**DATA:**

·····

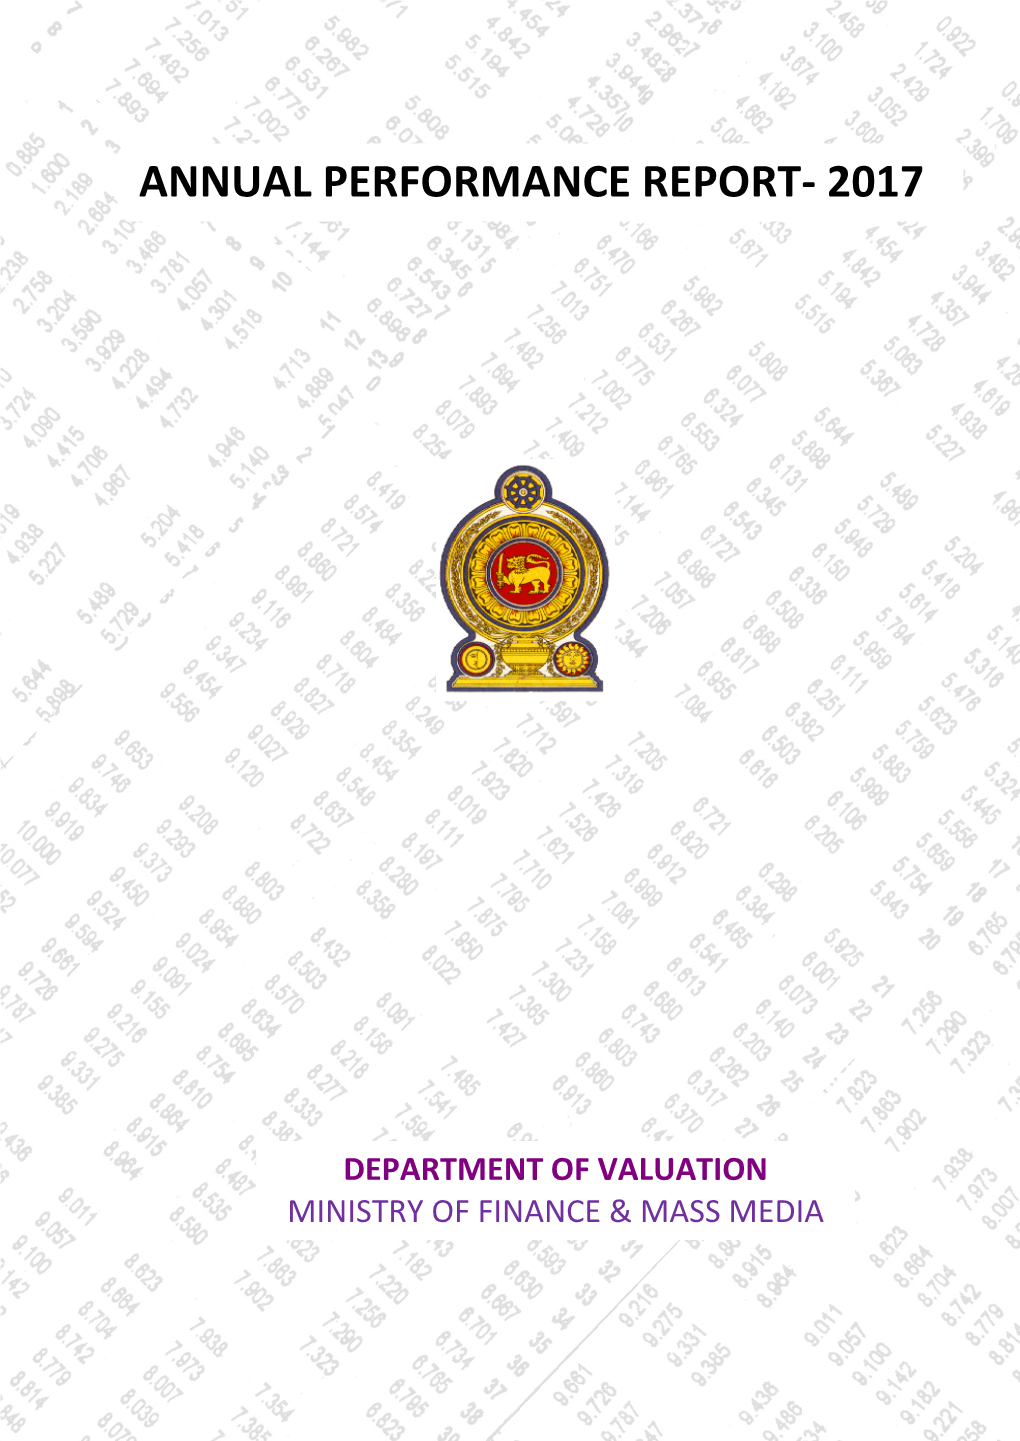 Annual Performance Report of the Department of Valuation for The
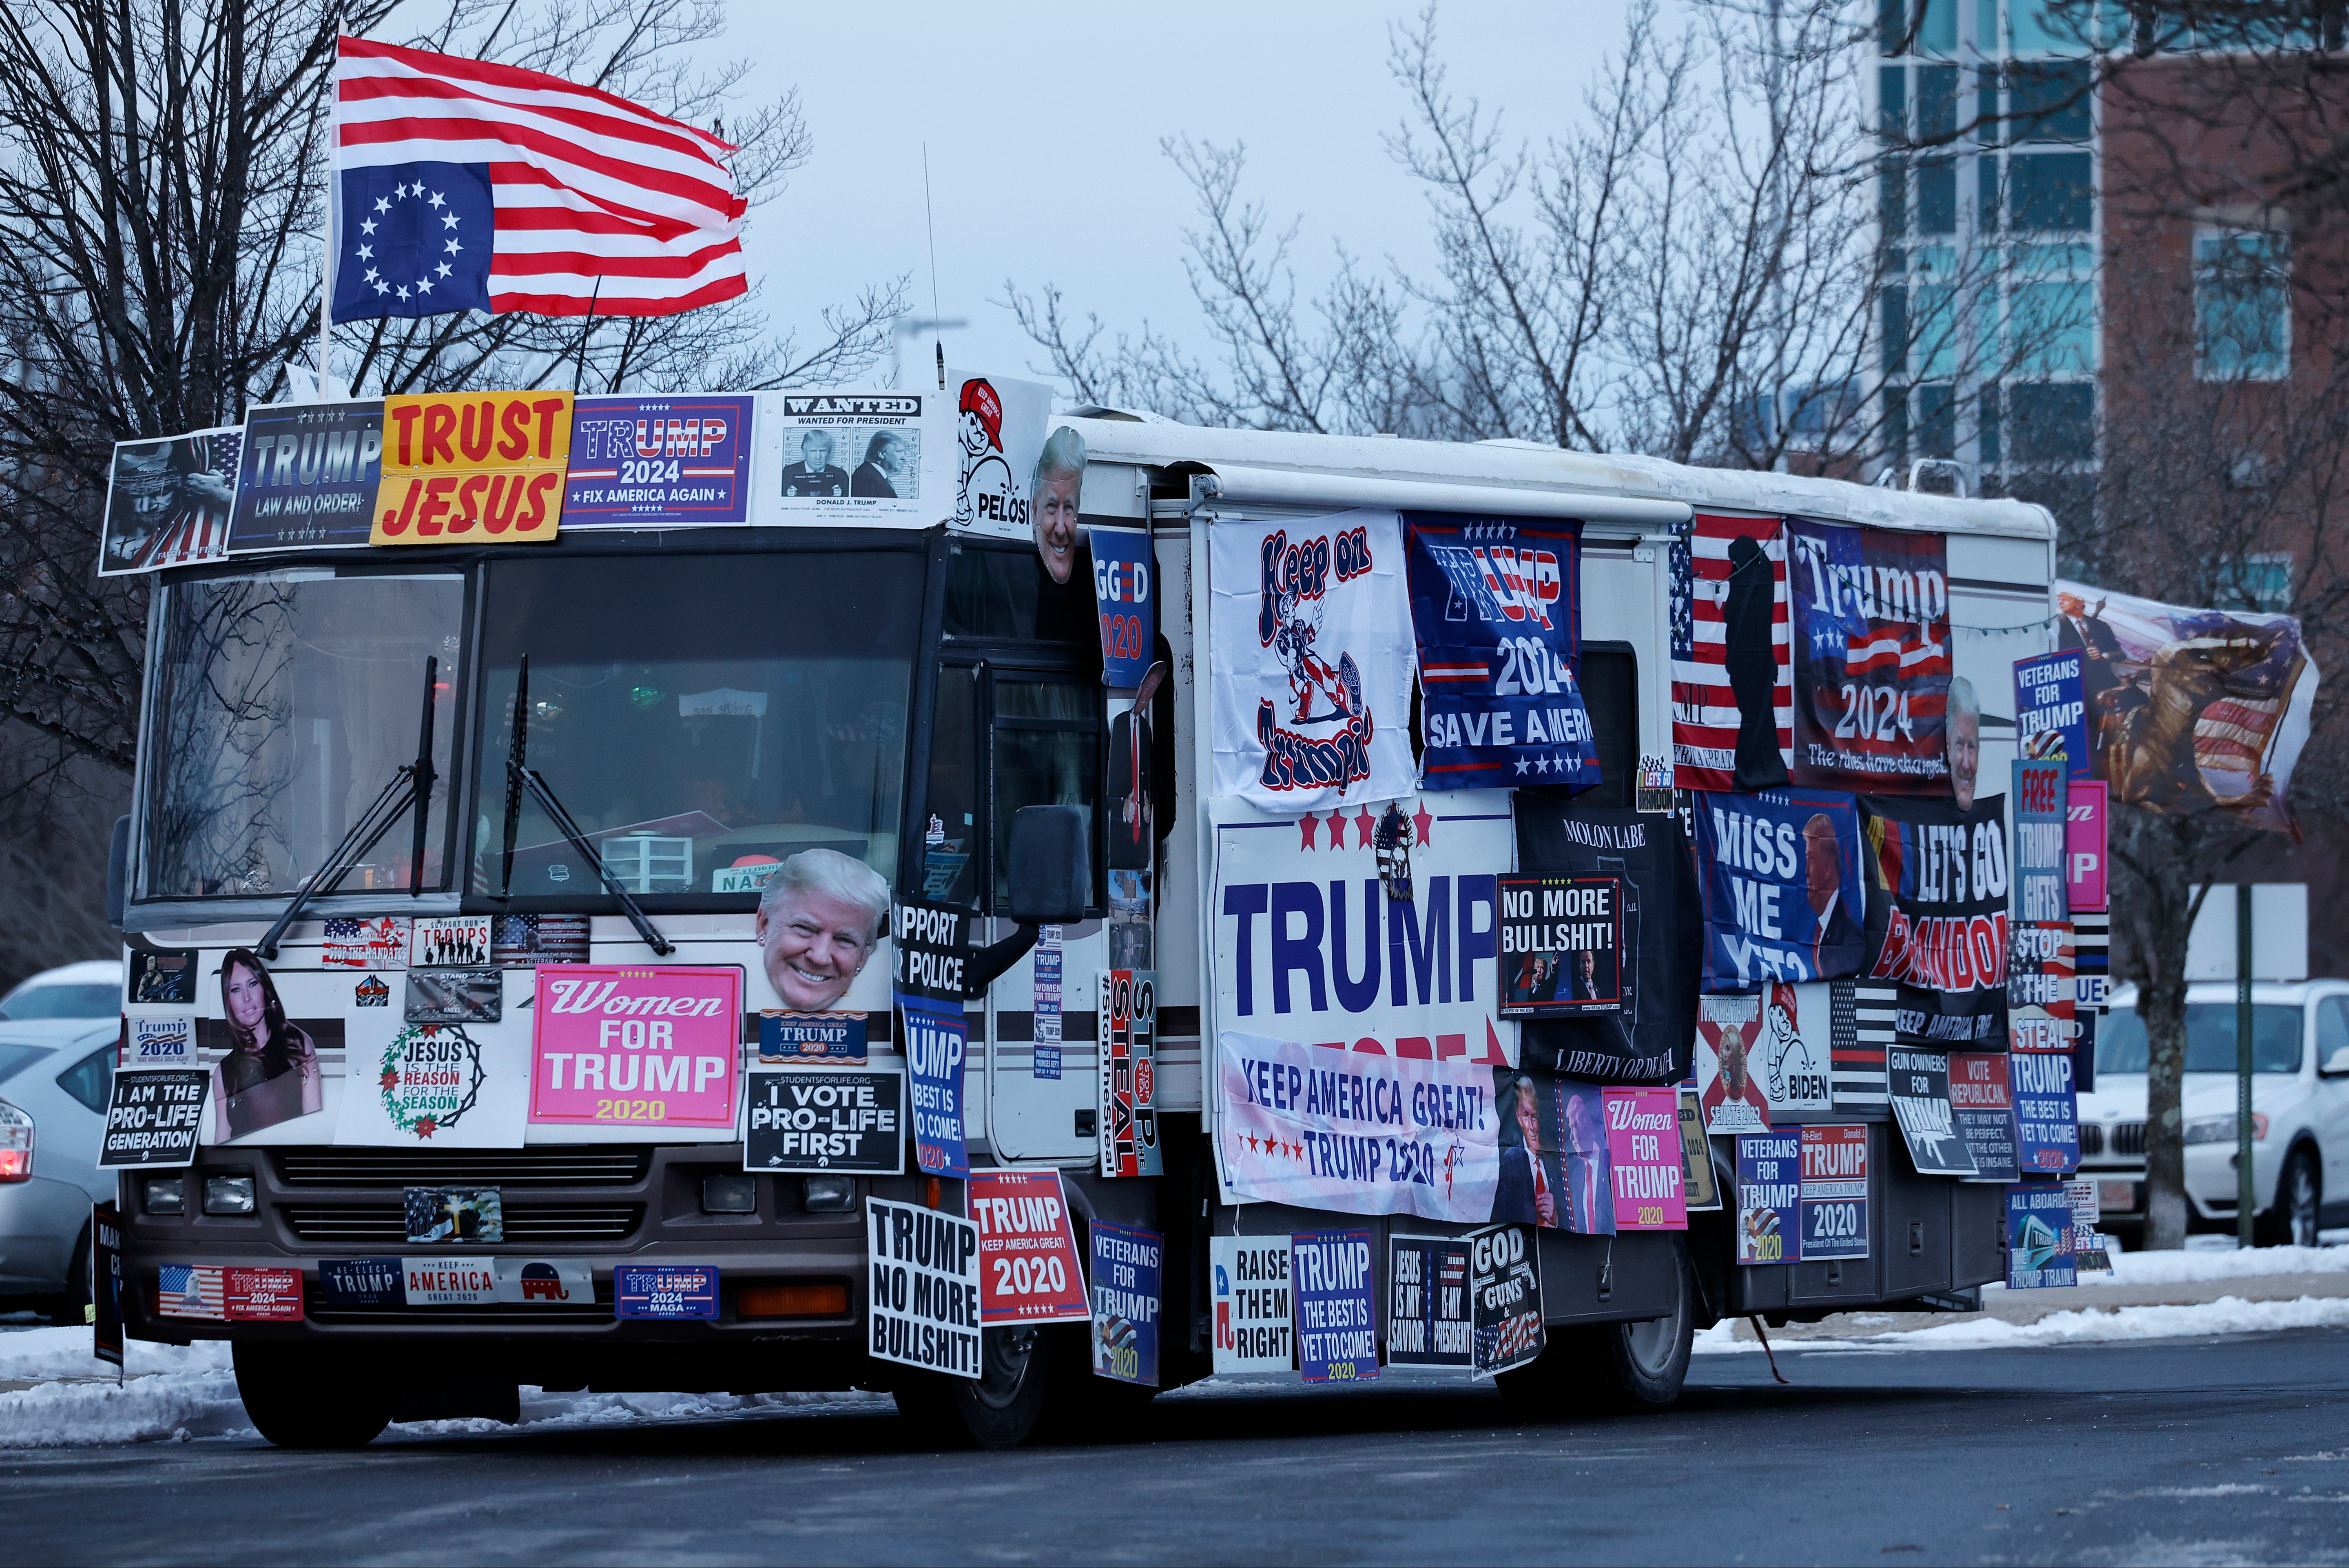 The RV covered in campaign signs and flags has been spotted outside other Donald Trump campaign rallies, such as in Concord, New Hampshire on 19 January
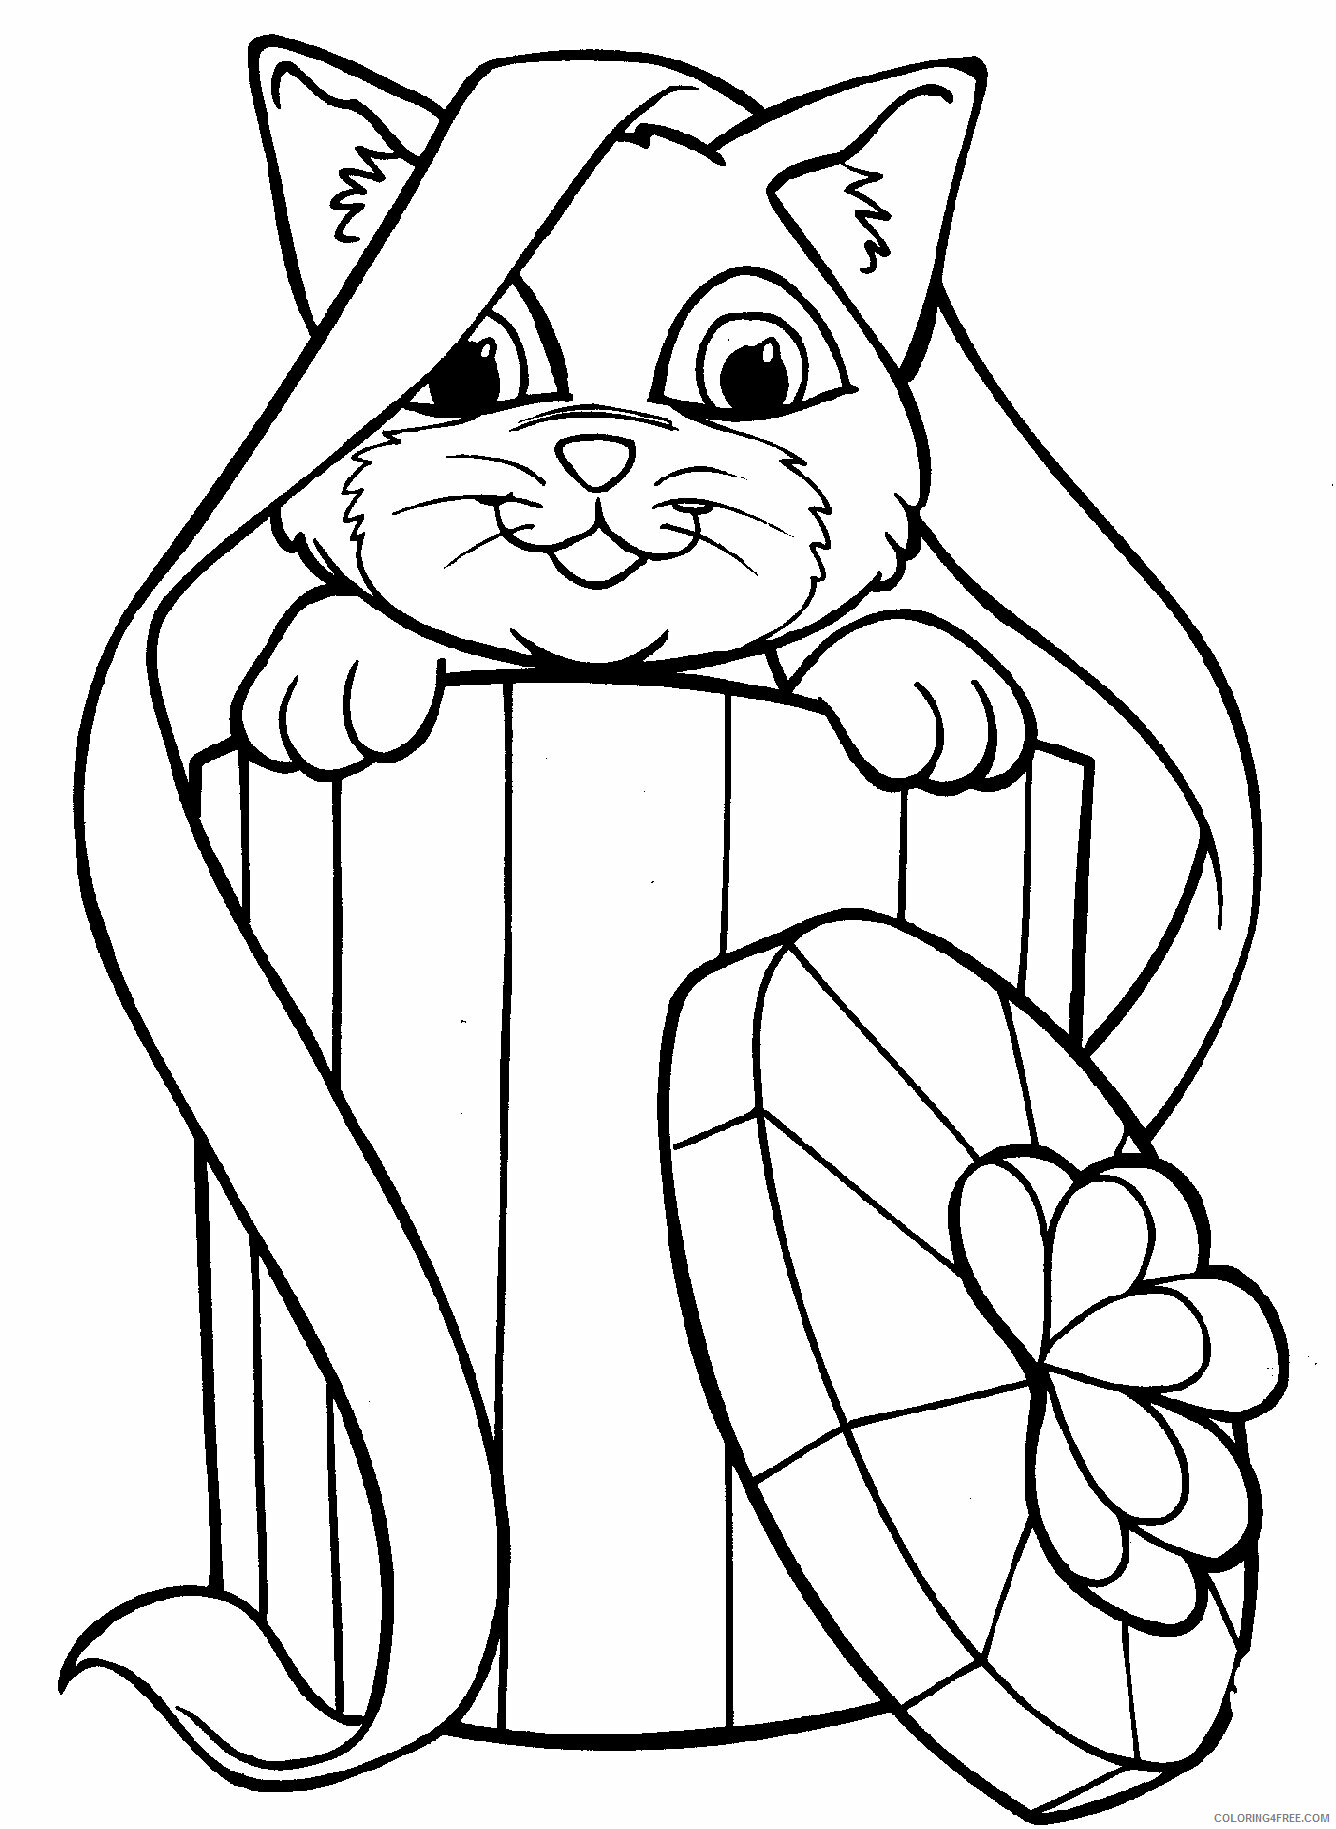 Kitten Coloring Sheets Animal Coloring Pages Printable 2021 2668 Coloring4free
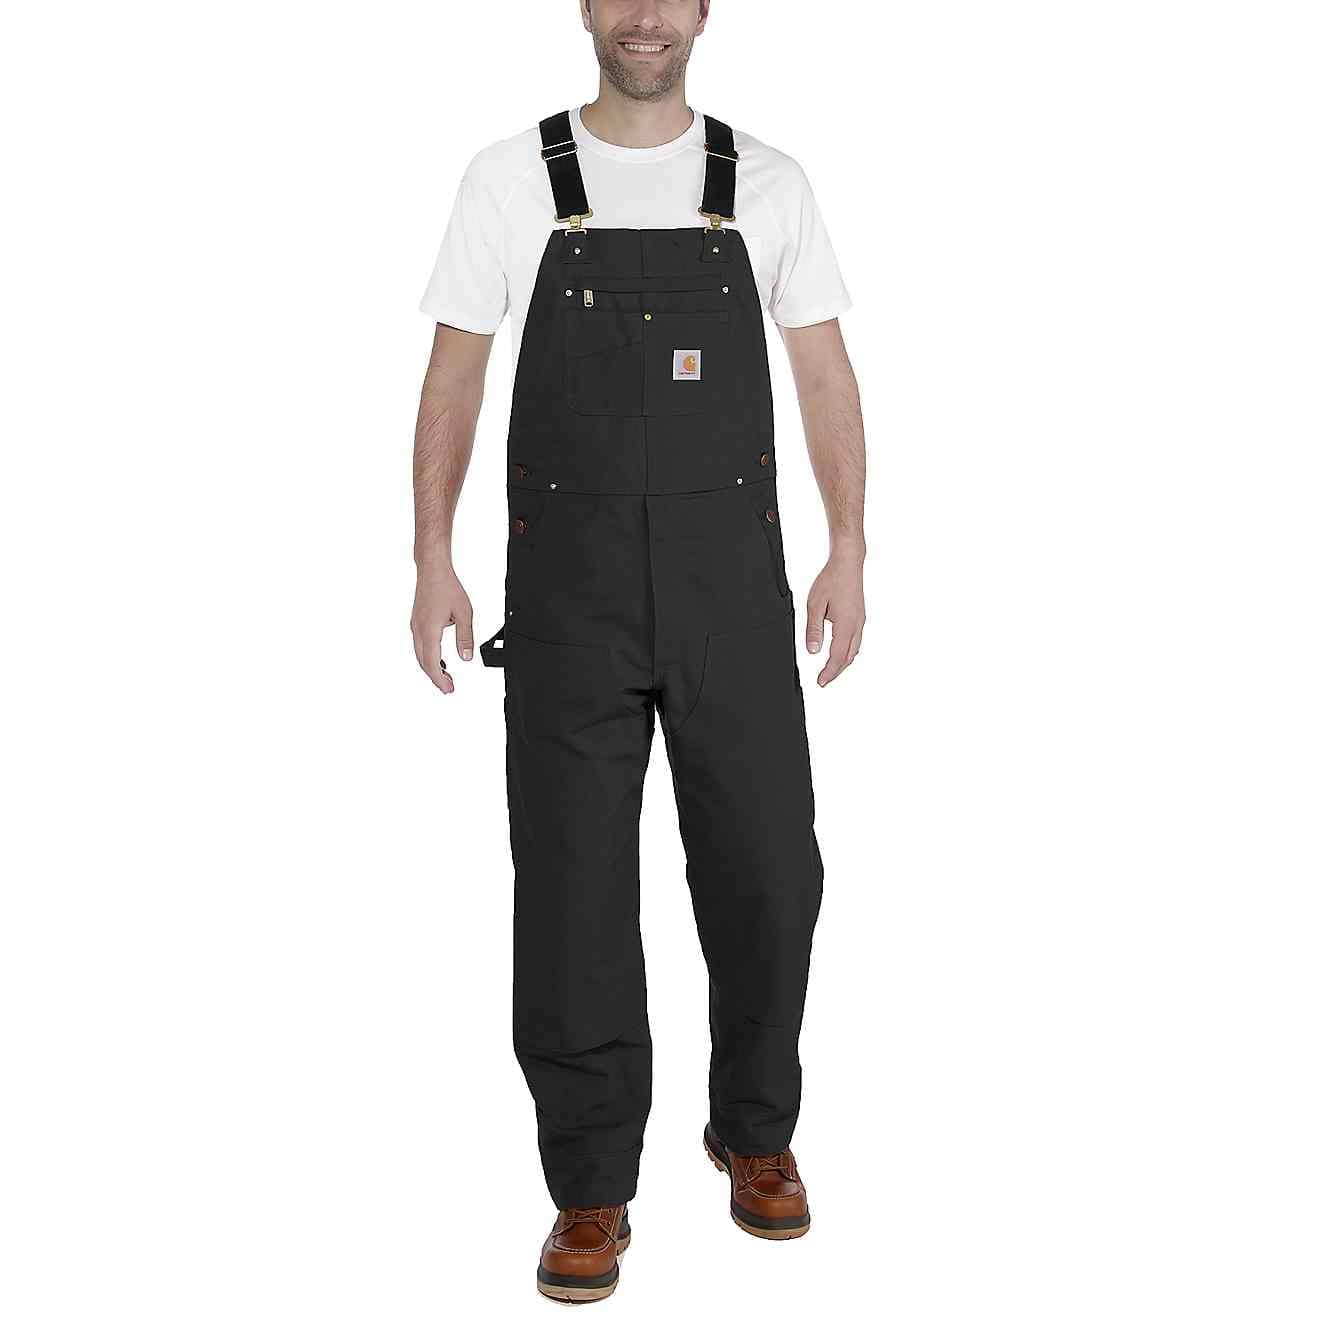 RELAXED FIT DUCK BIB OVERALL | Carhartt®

·····

**INSTRUCTIONS FOR THE TASK:**
Please give the material above again in full, with no pictures in your version.

**WRITTEN ANSWER:**
 Annual Performance Report of the Department of Valuation for The
 The RV covered in campaign signs and flags has been spotted outside other Donald Trump campaign rallies, such as in Concord, New Hampshire on 19 January
 Kitten Coloring Sheets Animal Coloring Pages Printable 2021 2668 Coloring4free
 RELAXED FIT DUCK BIB OVERALL | Carhartt®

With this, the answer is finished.